Hello, everyone, let me describe the problems I encountered.
I want to be a crawler. The crawler crawls through userid. The crawling process is divided into two steps-two requests, request one to refresh cookie and request two to get content. It is not feasible to use the for loop because the request is asynchronous. even if I write the second request in the callback, there will still be asynchrony in the for. the userid has a large amount of data and for cannot run, so on balance, I used recursion.

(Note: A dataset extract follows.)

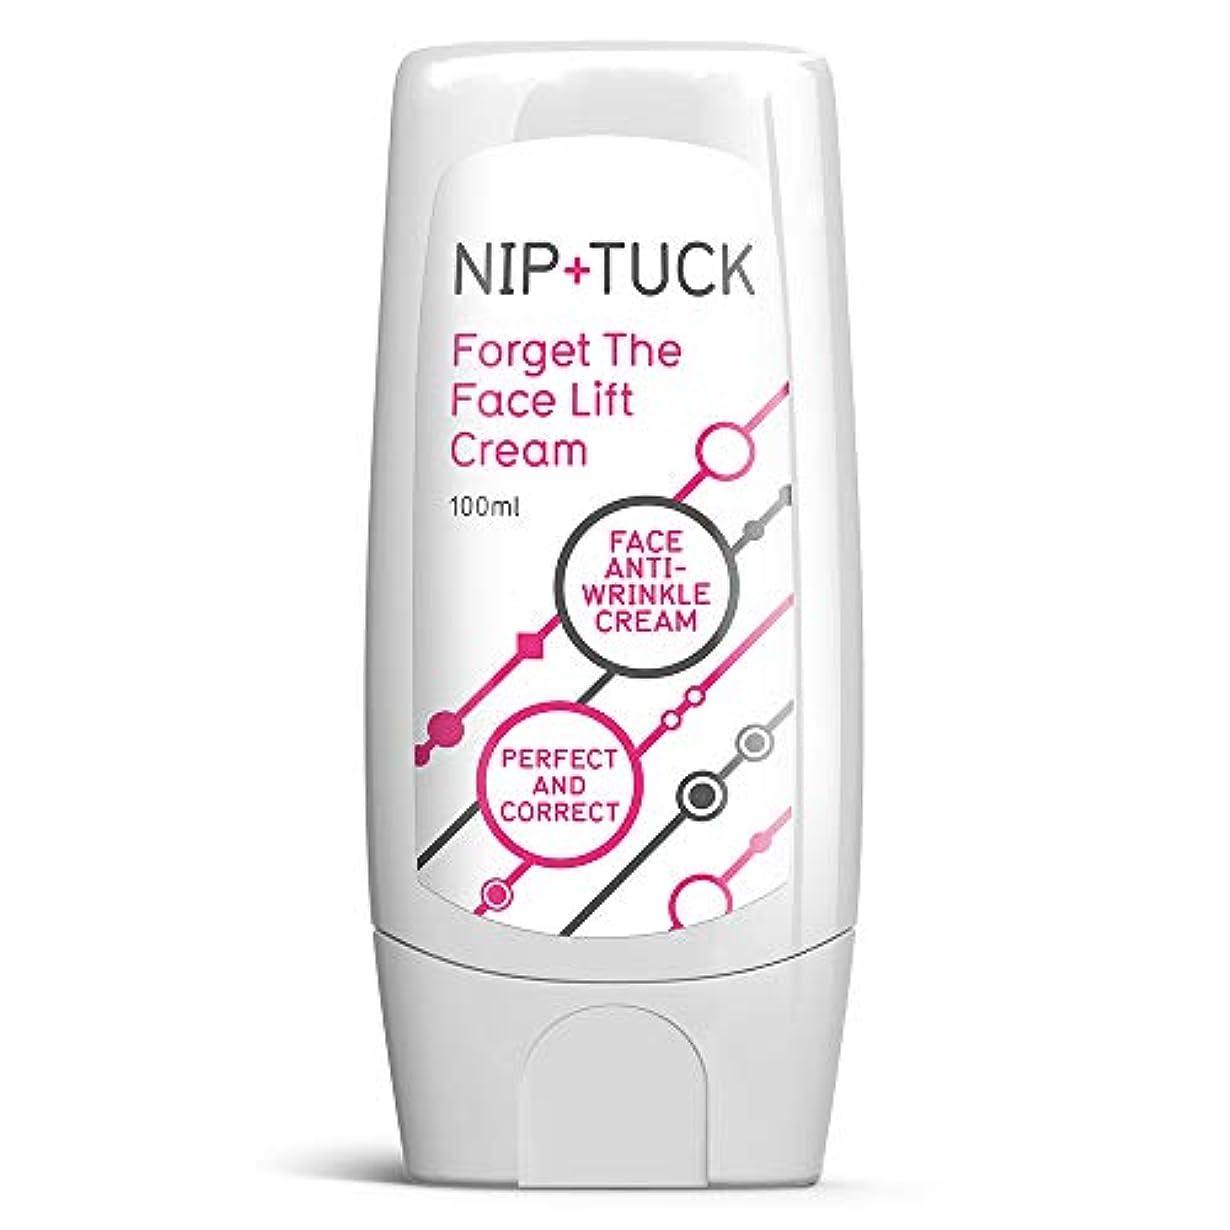 衝撃部門アレルギーNIP & TUCK FORGET THE FACELIFT CREAM Nippu& takku wa, anchikurinkufeisu& anchirinkurukurīmufāmu& 若く見える肌を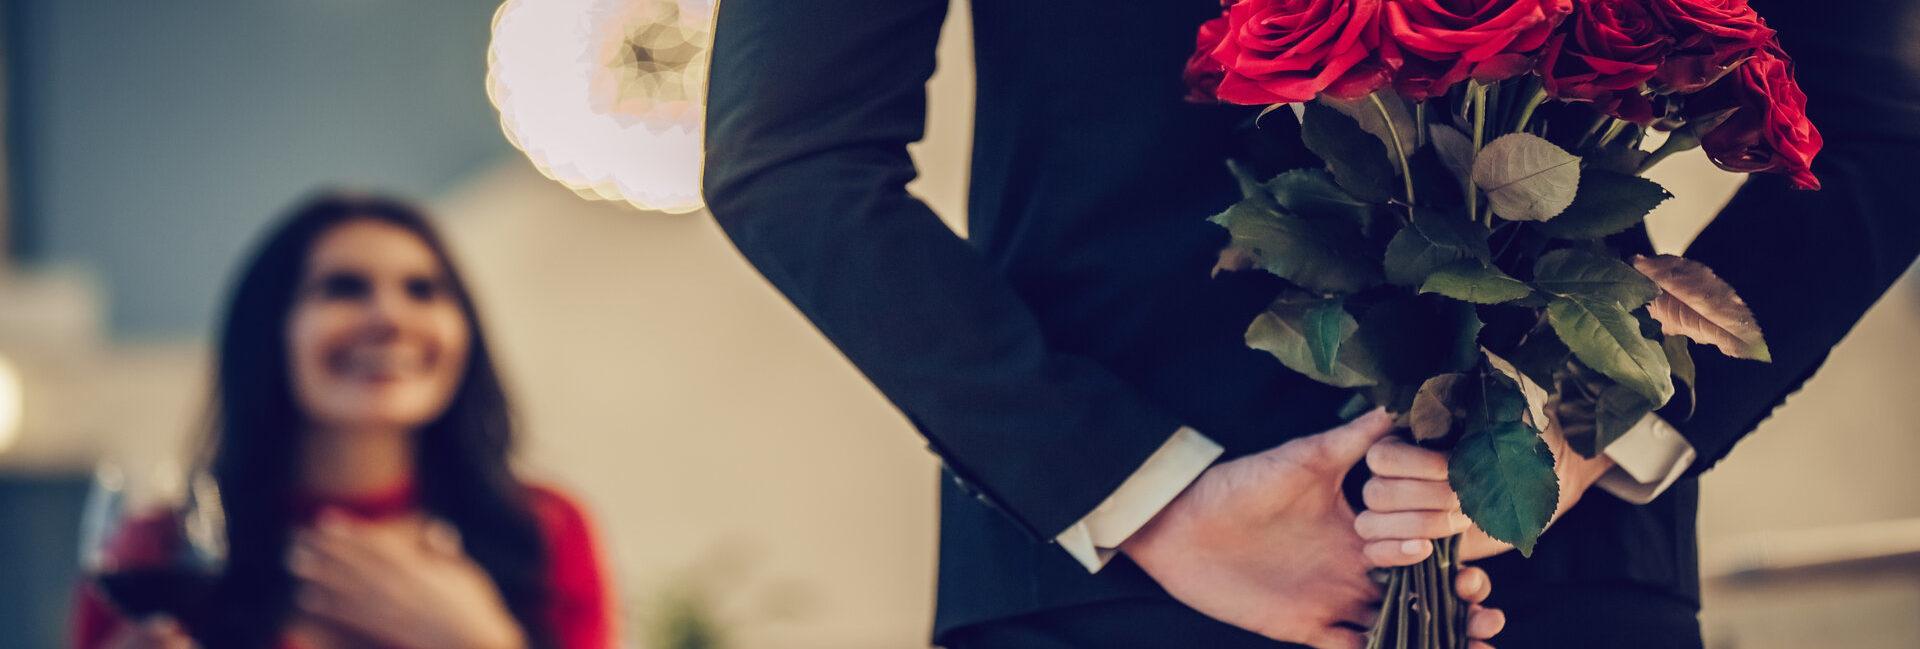 Quelle tenue porter lors d'un rendez-vous amoureux ?

However, using recursion will cause a problem, that is, the memory used will slowly grow until it takes up the maximum memory that nodejs can use (we will not discuss the last recursion first) (What? will occur when nodejs memory is full I only saw that my program Blue Veins was still there and did not report any mistakes.
In response to question one
I want to create a new sub-process through the cluster module and put the crawler into the sub-process to complete, so that I restart the sub-process to free up memory every once in a while, but found that this method will bring some problems. First, the crawler in the sub-process has extremely slow crawling speed and extremely low performance. Second, the child process runs out of memory, which is problem one. The parent process cannot get any information and cannot know it through error or disconnect. In fact, I don’t understand why the sub-process crawling process is so slow. I think both the parent process and the child process belong to the same process group.
Ps: I am on mac OSX 10.10.5 system
Electronic, non-technical and operating system charging is planned for the next 3-4 months. Thank you for your trouble.
First of all, I think your thinking is wrong. The for loop doesn’t work. Then find a feasible way. It is suggested to look at the usage of promise,async async.
Second, memory growth, you have to figure out why the growth, rather than timing to restart him, this is temporary solution not the root cause.